- Origin: Dallas, Texas, U.S.
- Genres: Country
- Years active: 2010-2016
- Label: Nash
- Past members: Kent Bell; Kyle Gaston; Lauren Hall;

= Breaking Southwest =

Breaking Southwest was an American country music group from Dallas, Texas. The group consisted of Kent Bell (lead vocals, guitar), Kyle Gaston (vocals, guitar), and Lauren Hall (vocals, fiddle). After winning a 2015 competition held by Cumulus Media, the group released one single for Big Machine Records' Nash imprint in 2015.

==Musical career==
Breaking Southwest was founded in 2010 in Dallas, Texas.
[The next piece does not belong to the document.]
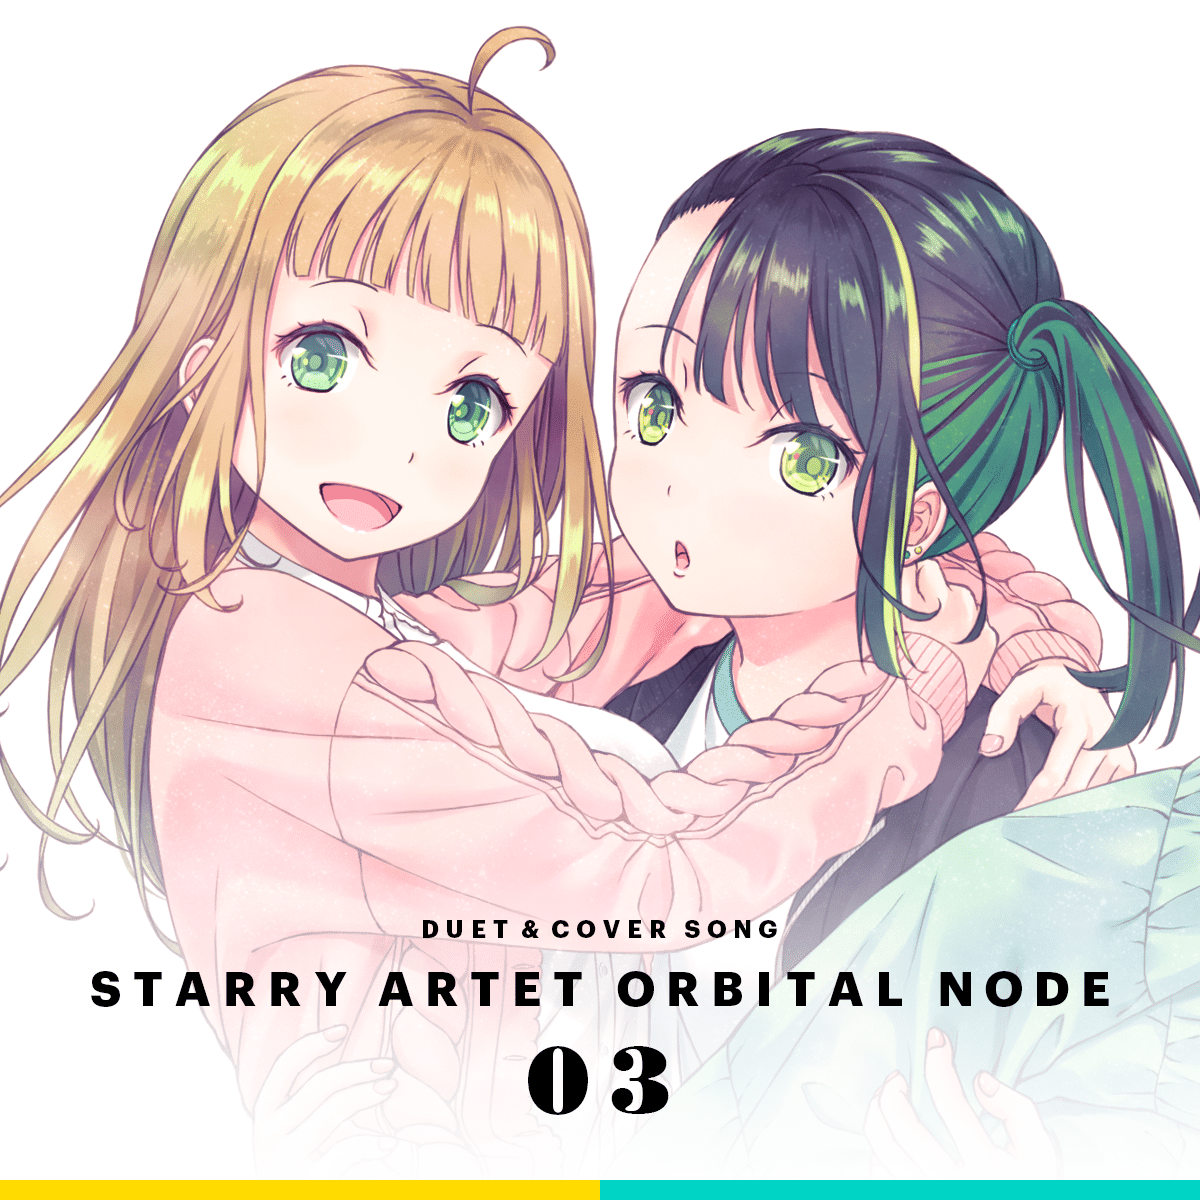 STARRY ARTET ORBITAL NODE 03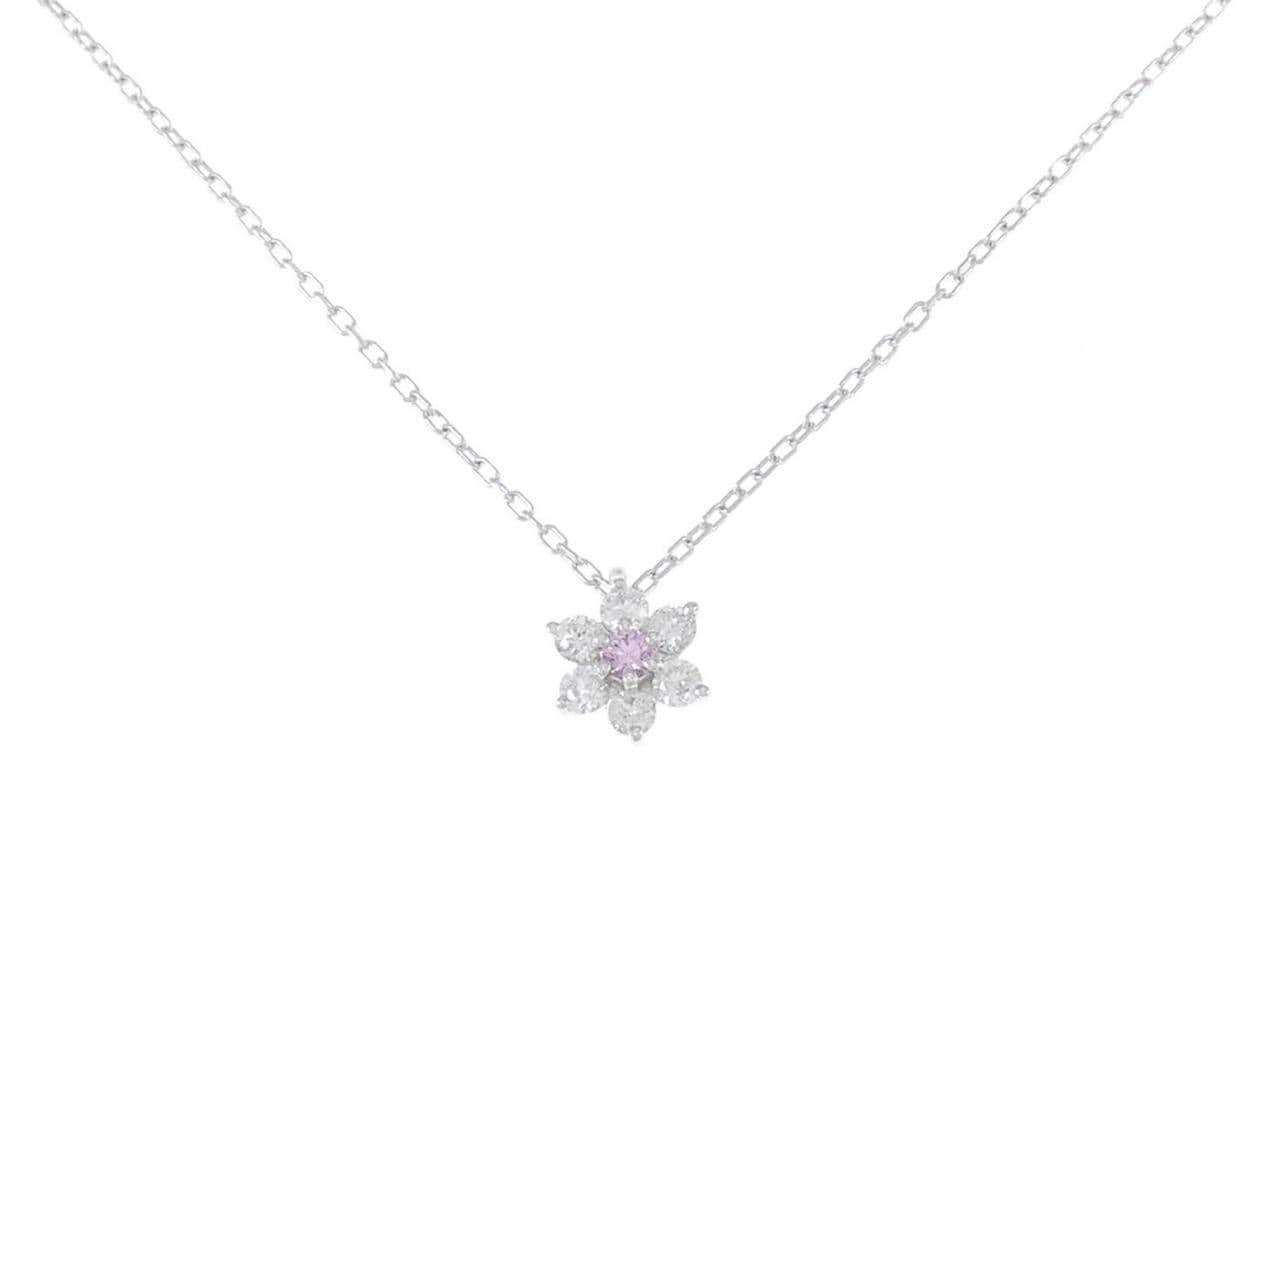 K18WG flower sapphire necklace

Vocalists and guitarists Kyle Gaston and Kent Bell met through a mutual friend and began performing together throughout the state, with fiddle player and vocalist Lauren Hall joining them in 2014. A year later, they entered the NASH Next competition, a battle of the bands held by Cumulus Media and Big Machine Records at the former Wildhorse Saloon in Nashville, Tennessee. After winning the competition, the trio was signed to Big Machine's Nash imprint.

Their only release for Nash was "Ghost Town", written by Jonathan Singleton and Josh Thompson and produced by Julian Raymond. The song charted for eight weeks on Billboard Country Airplay, peaking at number 52. They also recorded the track "Rubber on This Road" for the soundtrack of NASCAR '15.